You saw both of these ideas in Module 12, when we predicted the number of NYC cyclists on a 21°C day:

  • The 95% CI for the mean number of cyclists was about 50,000 to 52,500 — reflecting our uncertainty about the average.
  • The 95% PI for a new day was about 31,000 to 71,500 — reflecting how much individual outcomes can vary.

In the Module 12 graph presented below , notice how much wider the PI is — this is because it includes uncertainty from both the mean estimate and the scatter of the data.

A graph from Module 12 that depicts a 95% CI and a 95% PI for number of riders on a 21°C day. The error bars for the PI are much longer than for the CI.

This distinction becomes crucial when communicating findings. A chart displaying a confidence interval (CI) highlights the precision of our estimate, while one showing a prediction interval (PI) demonstrates the potential variability in individual outcomes.

Hofman and colleagues explored how these visualizations shape people’s beliefs, asking the question:

Do viewers think a treatment is more or less effective depending on whether they see a CI or a PI?

To test this, the researchers conducted a large experiment. They randomly assigned over 2,300 people to one of four groups. Each group saw an error-bar plot depicting a treatment effect, with an explanatory caption. The four conditions included:

  1. CI only, with a caption explaining the CI
  2. CI, with a caption explaining both CIs and PIs
  3. PI only, with a caption explaining the PI
  4. PI, with a caption explaining both PIs and CIs

The authors wanted to learn:

Would people make different judgments about the treatment’s effectivenss depending on the type of uncertainty shown? And could extra explanatory text help them understand both kinds of uncertainty better?
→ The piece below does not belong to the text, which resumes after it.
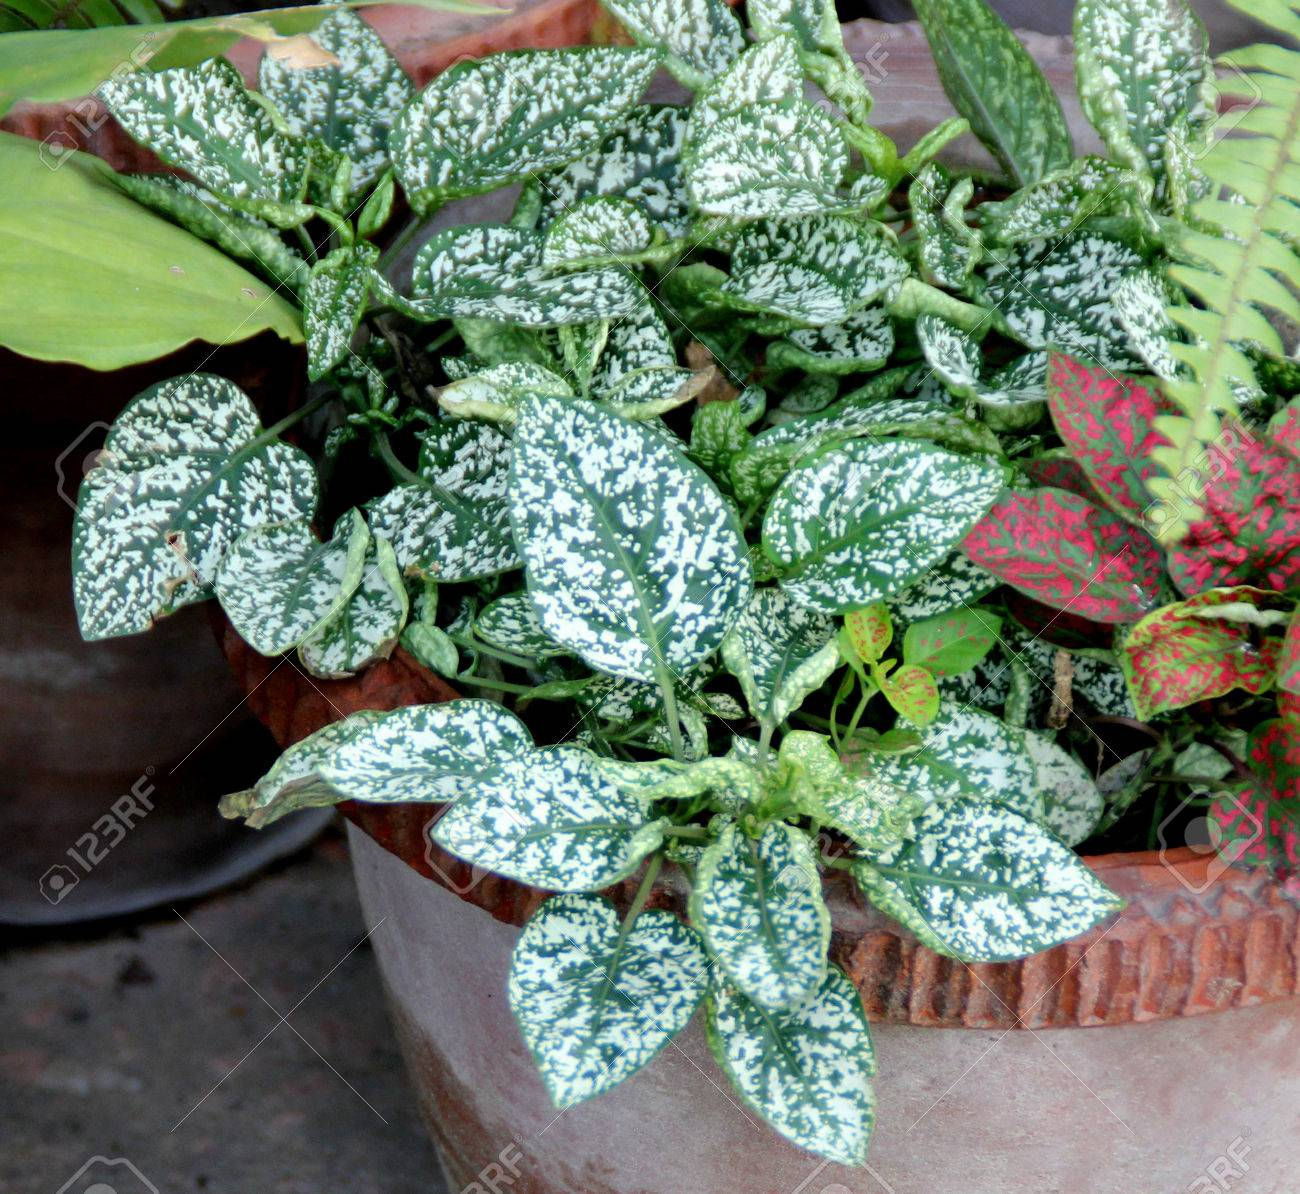 Hypoestes Phyllostachya Polka Dot Plant Ornamental Herbaceous

In this Module, we’ll explore the data from this experiment to build intuituion for hypothesis testing.

Study protocol

Participants in the study were recruited through Amazon’s Mechanical Turk (MTurk), an online platform where individuals complete small tasks for pay. To ensure data quality, the researchers only included U.S.-based MTurk workers with approval ratings of 97% or higher. In total, 2,400 people were initially recruited. After removing 49 individuals who had taken part in both the pilot and main study, the final sample included 2,351 participants. Each person was randomly assigned to one of four experimental conditions and was paid $0.75 for completing the task, which involved viewing a data visualization online and answering questions about the perceived treatment’s effectiveness.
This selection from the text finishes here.